First, the Python-side coding problem:
Python2 (including Python26, Python27, etc.) string usually contains str, Unicode two types, usually str string encoding method is determined by the source code file encoding, the current use of the basic is UTF-8 encoding format, So to specify the encoding format in the header of the py file: #-*-Coding:utf-8-*-
Inside a python program, the usual string is Unicode encoding, a string character that is a memory-encoded format that, if stored in a file or log, requires A Unicode-encoded string is converted to a storage encoding format for a specific character set.
What is Unicode and UTF-8? What is the connection between Unicode and UTF-8?

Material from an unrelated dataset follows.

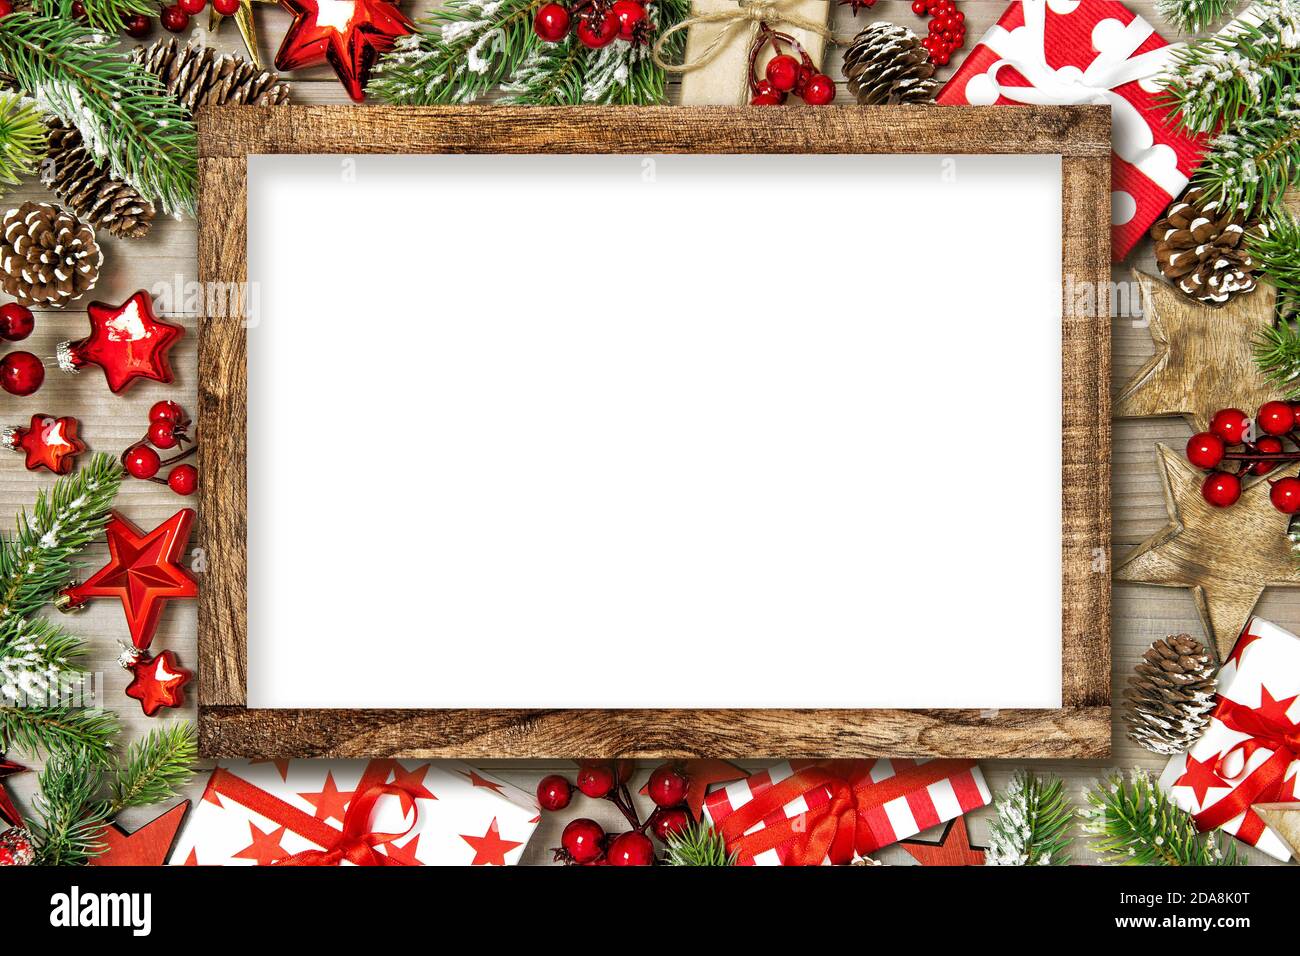 Christmas decorations and red ornaments. Wooden frame mockup Stock Photo

Unicode (Uniform Code, universal Code, single Code) is an industry standard in the field of computer science, including character set, encoding scheme, etc. Unicode is created to address the limitations of traditional character encoding schemes, which set a uniform and unique binary encoding for each character in each language to meet the requirements of cross-language, cross-platform text conversion and processing. As long as there is Unicode encoding system on the computer, no matter what kind of text in the world, only need to save the file, save the Unicode encoding can be interpreted by other computer normal.
UTF-8 (8-bit Unicode Transformation Format) is a variable-length character encoding for Unicode, which is also a prefix code, also known as the Universal Code.
In a nutshell, Unicode is a concept, and UTF-8 is the instantiation of the Unicode concept. (The boss says we're going to have a big data architecture (this is where the concept boss doesn't know what the implementation standard is for Unicode), and the programmer has a Hadoop architecture (UTF-8) that's the implementation of the big Data architecture.)
Here is the code for the experiment in Python
EX1:
IN[10]: "Chinese"
OUT[10]:
' \xe4\xb8\xad\xe6\x96\x87 '
This example directly enters the value of the UTF-8 encoded format printed in Chinese
- \x: only 16 binary meaning, followed by two bits, then the single-byte encoding;
EX2: If you want to print out Chinese must be in front of the print I can't help but wonder why? My understanding is that if you do not add Print,python do not think you want to print display, just display the data, it is a lazy way to directly display the word in the computer encoding, if you add print, he understood that you asked to print out, Print it out according to the meaning of your actual representative. The premise is that your system is UTF-8 encoded format OH. If it is not UTF-8 encoding format, print out is garbled. To change the encoding format, see
IN[11]: print "Chinese"
Chinese
IN[12]: sys.getdefaultencoding ()
OUT[12]:
' Utf-8 '
Answer:print the process of printing the display
Figure 1. Print Printing display process
When you call print in Python2.7 for a VAR variable, the operating system will handle Var with a certain character: if Var is a variable of type str, the VAR variable is delivered directly to the terminal for display, and if the Var variable is a Unicode type, The operating system first encodes Var into an object of type str (the encoding format depends on the encoding format of the STDOUT), which is then presented to the terminal. In the terminal display, if the str type of the variable encoding method and the terminal settings are not encoded in the same way, it is likely that garbled problems.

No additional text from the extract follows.